Lauren Steel - 20218337

October 14, 2024 

## CMPE 251 Assignment 2 Part 2: Coding 


The objective of this assignment is to assess your understanding and implementation skills in two fundamental classification algorithms: K-Nearest Neighbors (KNN) and Logistic Regression. You will be required to perform data preprocessing, implement KNN from scratch, and use Logistic Regression with the scikit-learn library on the same dataset.


We will be using the Breast Cancer Wisconsin (Diagnostic) Dataset, which is available in the sklearn.datasets library. This dataset consists of 30 features and a binary target variable indicating whether a given cancer diagnosis is benign (0) or malignant (1).

In [1]:
import numpy as np
from sklearn.metrics import accuracy_score, precision_score, recall_score, f1_score
from sklearn.linear_model import LogisticRegression

from sklearn.preprocessing import StandardScaler
from sklearn.model_selection import train_test_split
from collections import Counter 

from sklearn.datasets import load_breast_cancer

## Question 1: KNN Implementation from Scratch (5 points)

1. Data Preprocessing:

a) Load the Breast Cancer dataset from sklearn.datasets.
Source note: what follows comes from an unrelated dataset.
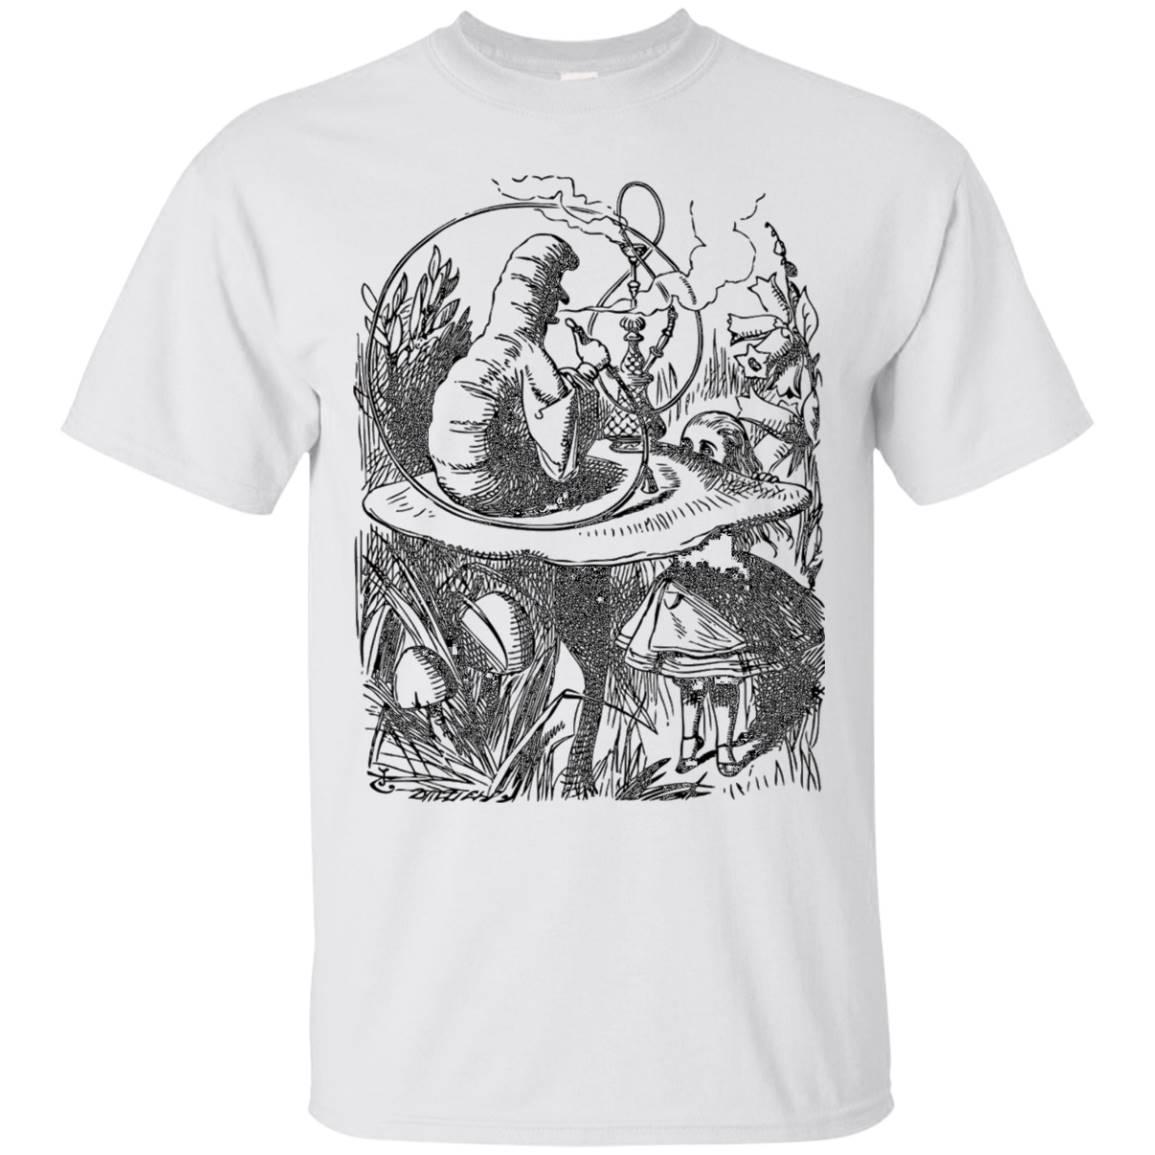 Big Texas Alice in Wonderland – Smoking Caterpillar T-Shirt

b) Normalize the feature data so that all features have a mean of 0 and a standard deviation
of 1.

c) Split the dataset into training (70%) and testing (30%) sets.

In [2]:
# (part a) load the breast cancer dataset 
data = load_breast_cancer()
x = data.data
y = data.target

# (part b) apply standardization 
scaler = StandardScaler()
scaled = scaler.fit_transform(x)

# (part c) split the dataset into training and test sets 
x_train, x_test, y_train, y_test = train_test_split(scaled, y, test_size=0.3, random_state=42)


2. KNN Implementation:

a) Implement the KNN algorithm from scratch without using sklearn or any other library functions for the classifier. The implementation should include:

-   Calculating the Euclidean distance between data points.
-   Finding the nearest neighbors for a given test point.
-   Predicting the class based on majority voting among the nearest neighbors.


In [3]:
# (part a) implementing the knn algorithm from scratch 
# function defn for euclidean distance calculations 
def euclidean_distance(x1, x2):
    euc_dist = np.sqrt(np.sum((x1 - x2) ** 2))
    return euc_dist

# function for finding the nearest neighbor 
def nearest_neighbor(x_train, y_train, Xtest, k):
    distances = []
    for i, Xtrain in enumerate(x_train):
        dist = euclidean_distance(Xtest, Xtrain)
        distances.append((dist, y_train[i]))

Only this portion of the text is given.